What the task asks: The required output is the exact run of lines from the one bearing "Helene BermanFloral Embellished Cap" through the final line of the listing below, with the pictures removed.

Supplied information:
-------------------------
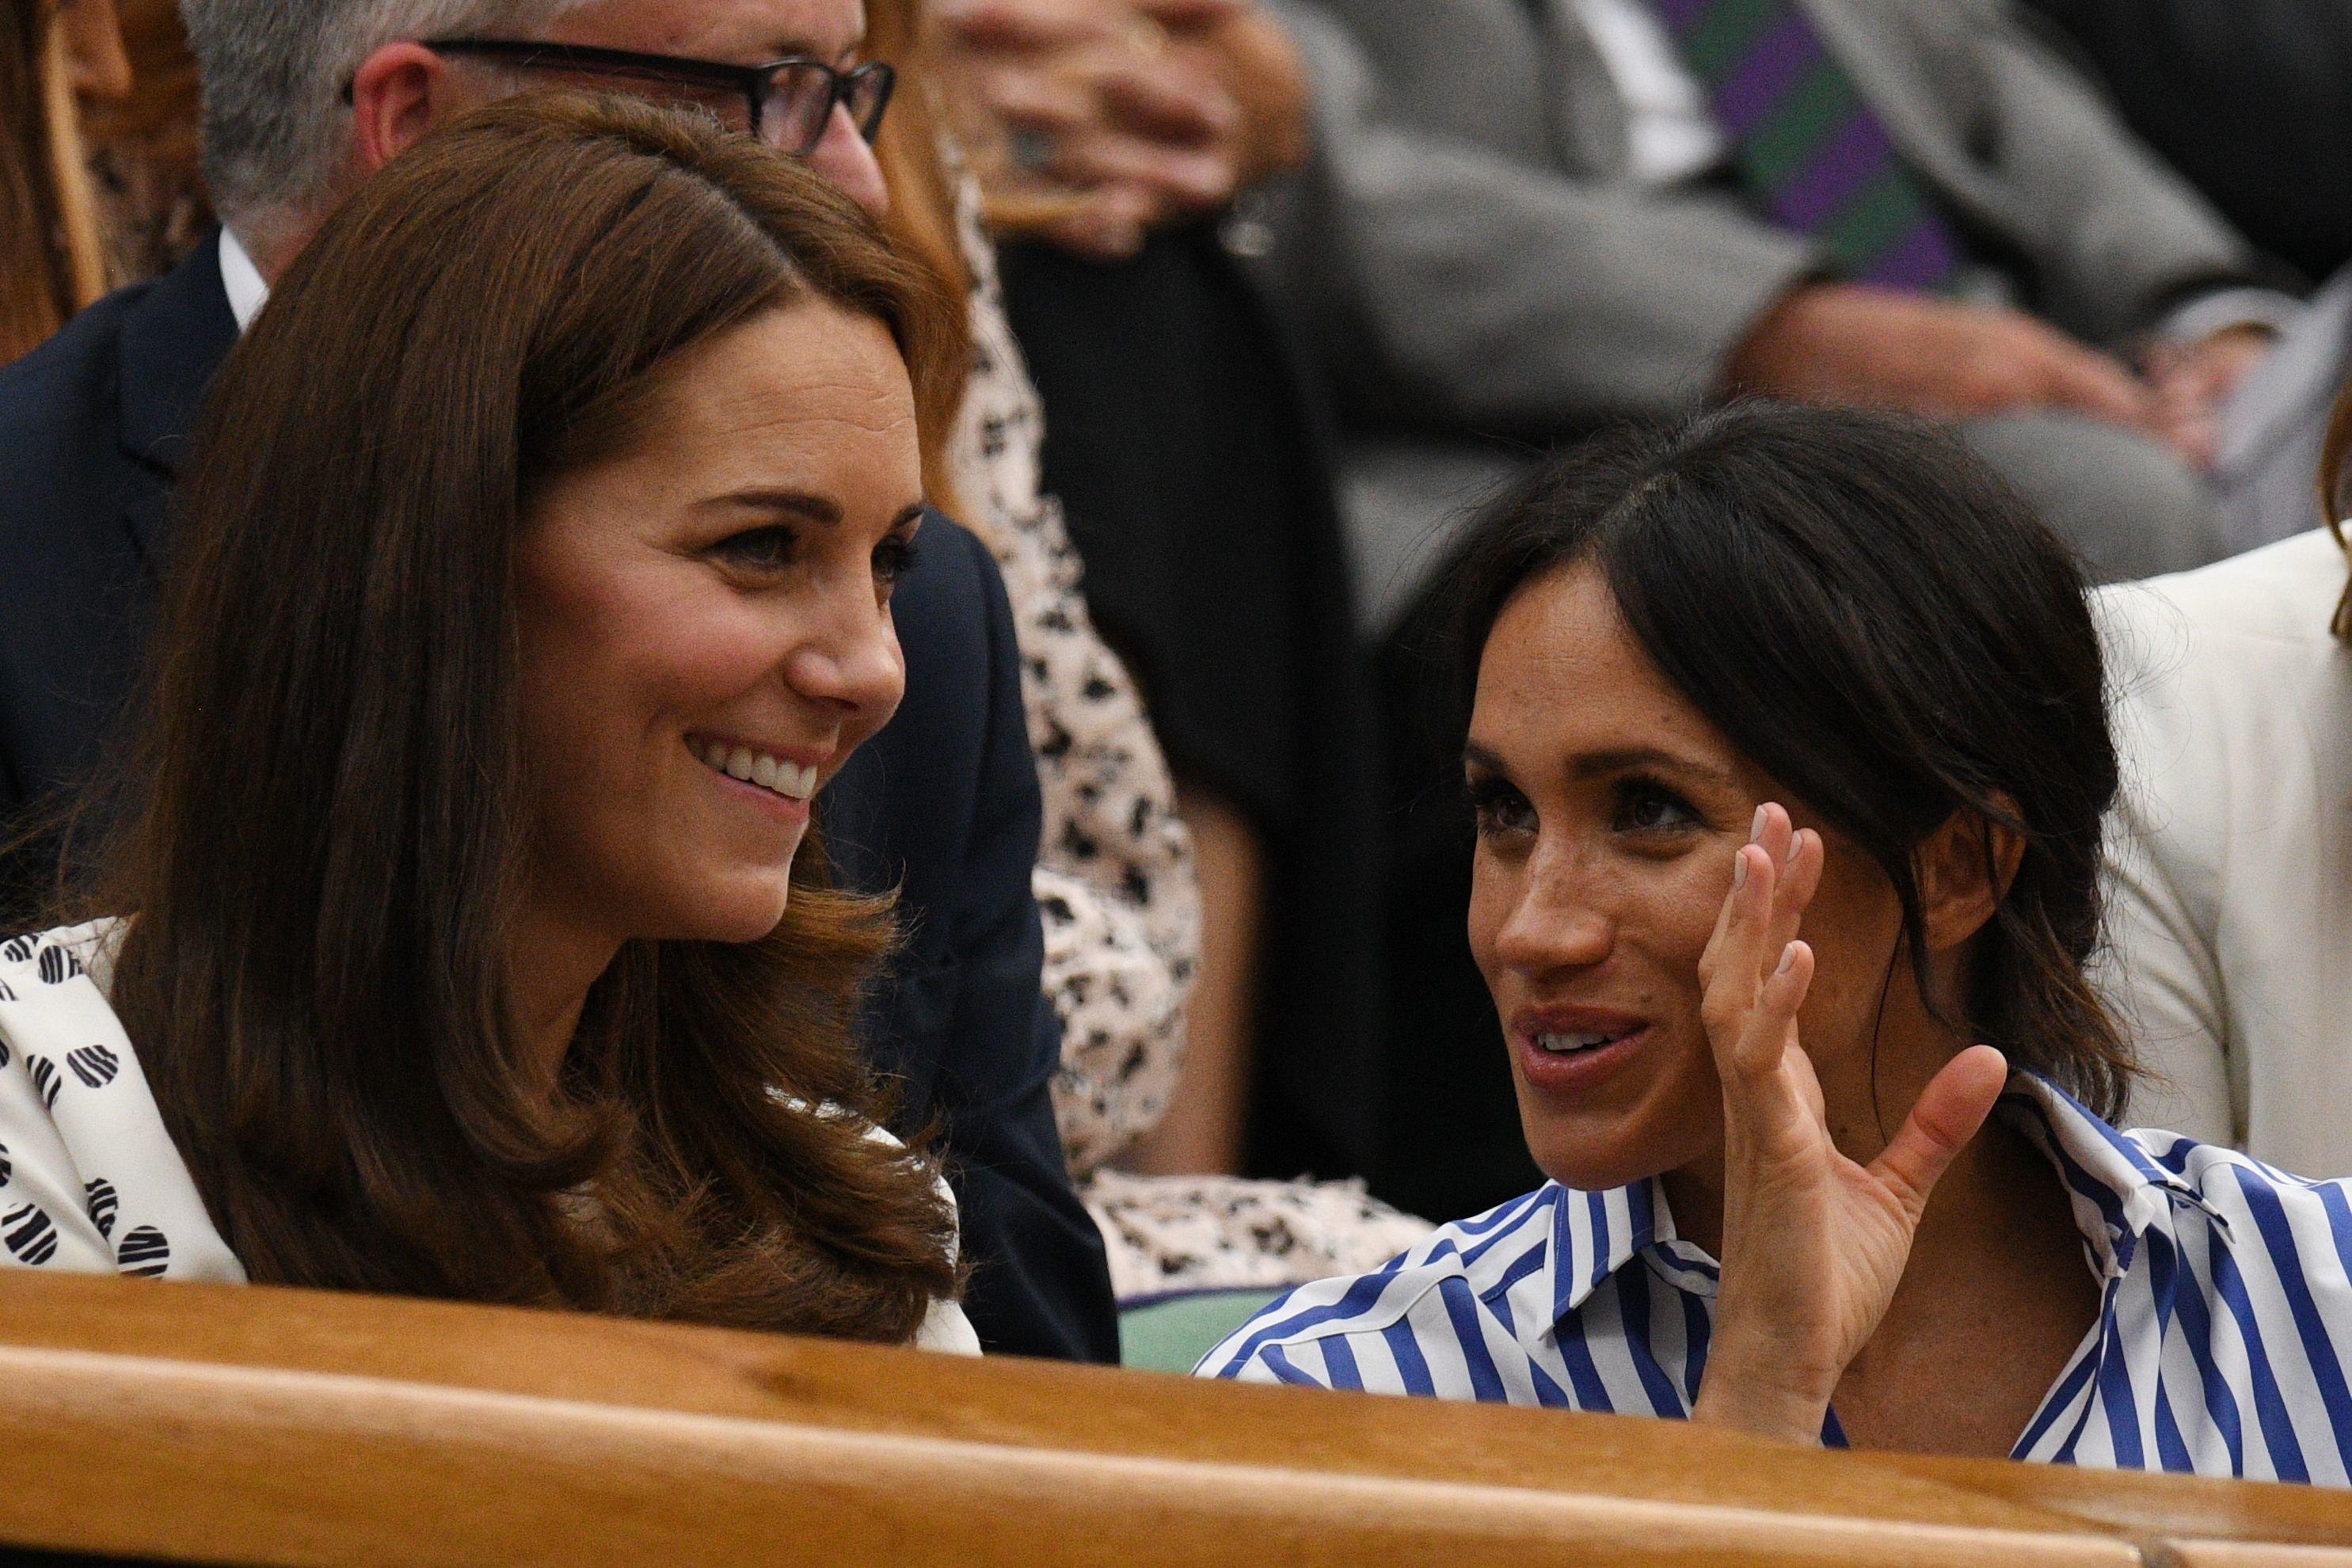 Royals: Expertin verrät, warum Meghan und Kate spezielle Unterwäsche
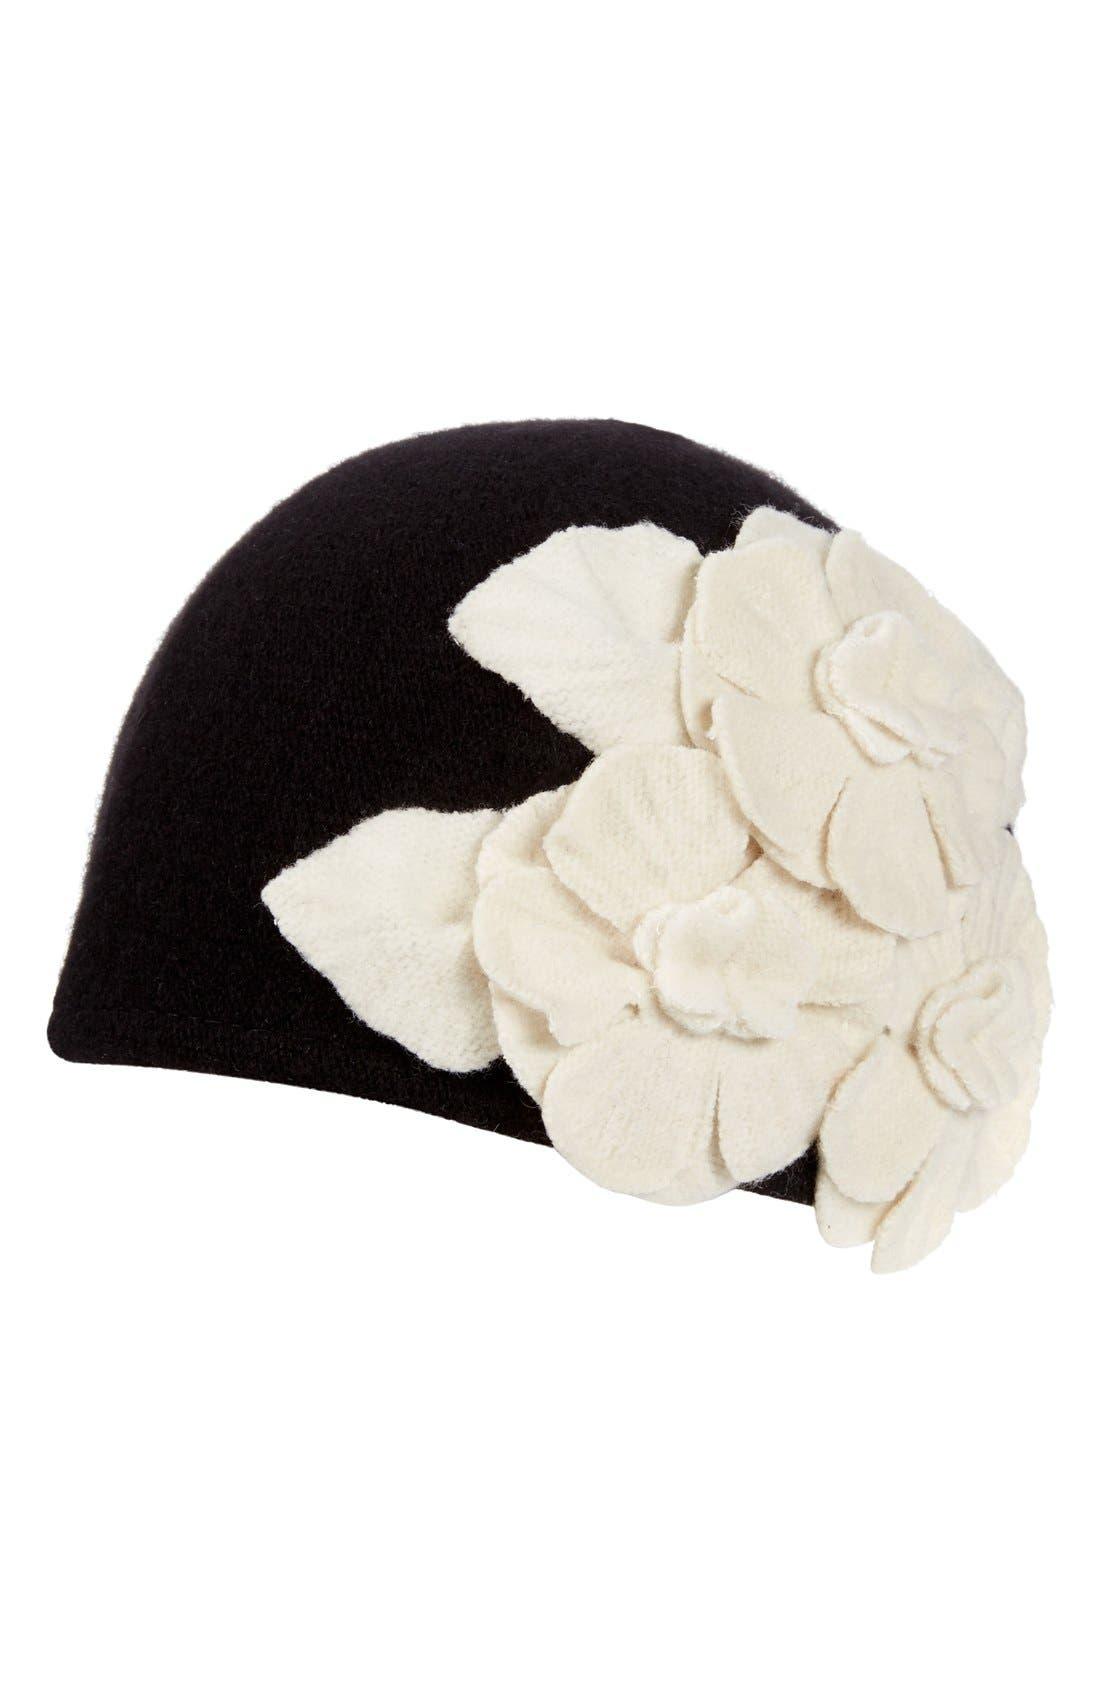 Helene BermanFloral Embellished Cap
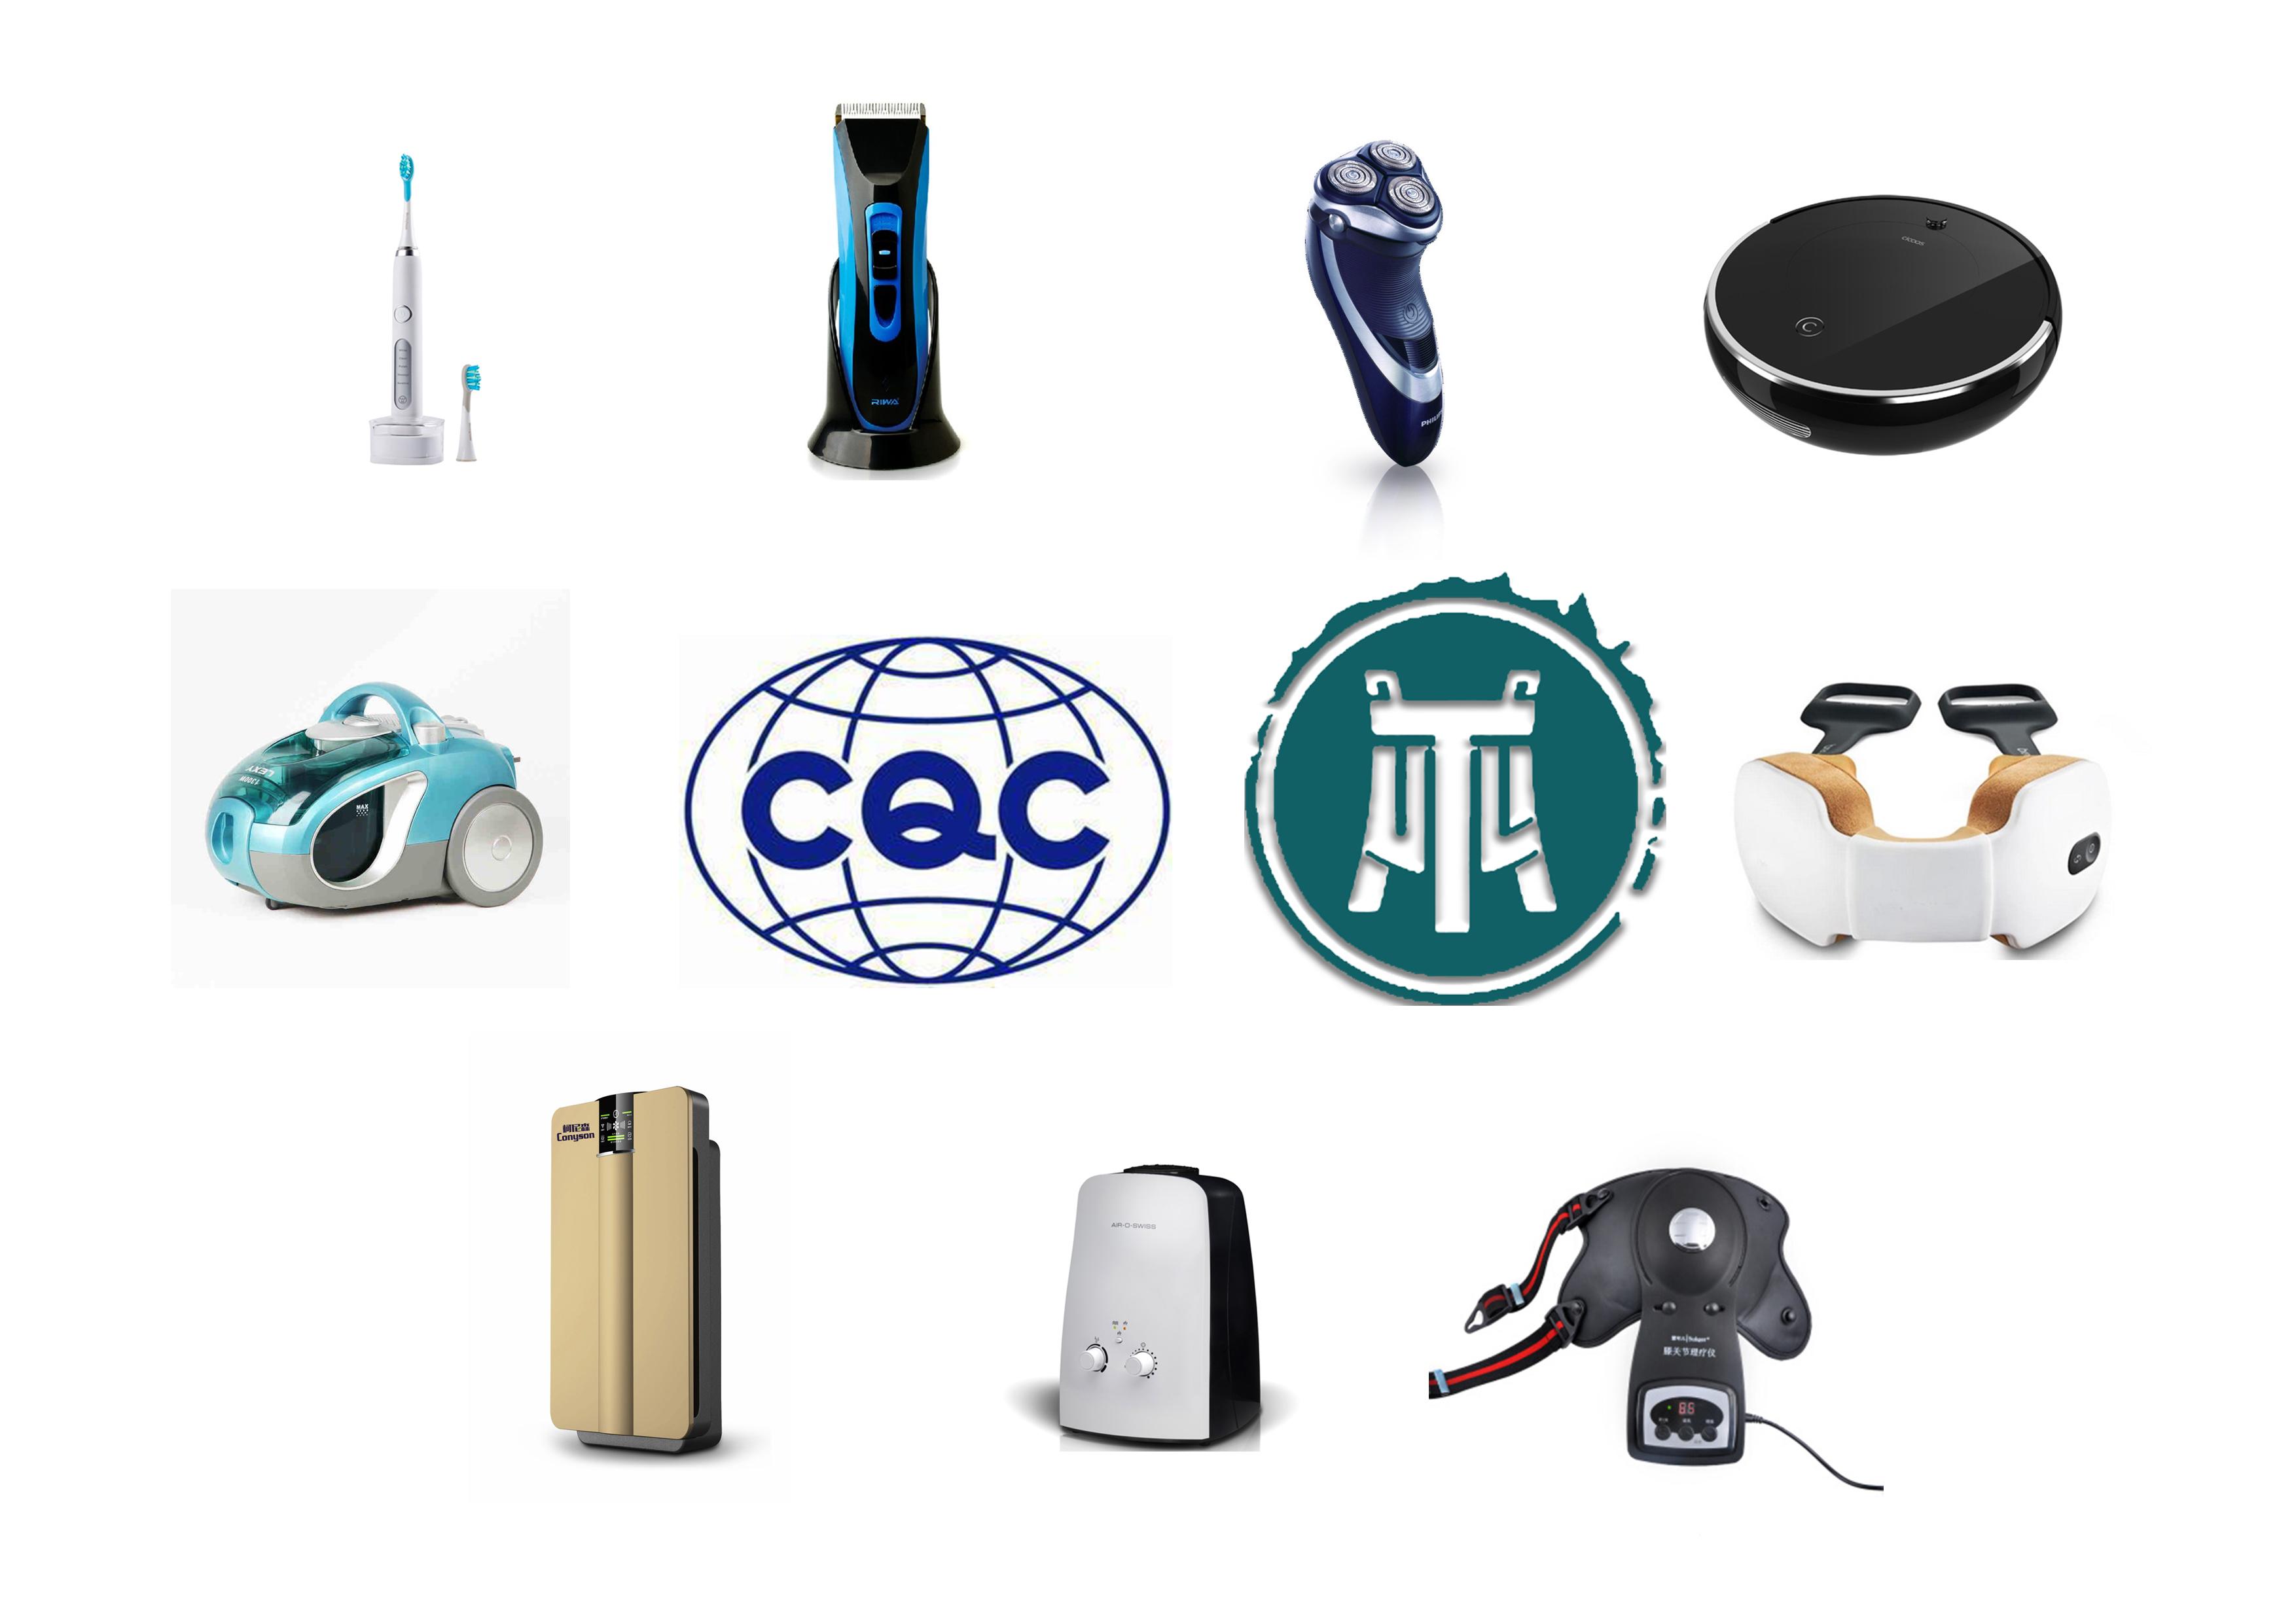 CQC家用锂离子电池和电池组安全认证技术规范5月11日起开始实施
-------------------------
Answer below:
 Helene BermanFloral Embellished Cap
 CQC家用锂离子电池和电池组安全认证技术规范5月11日起开始实施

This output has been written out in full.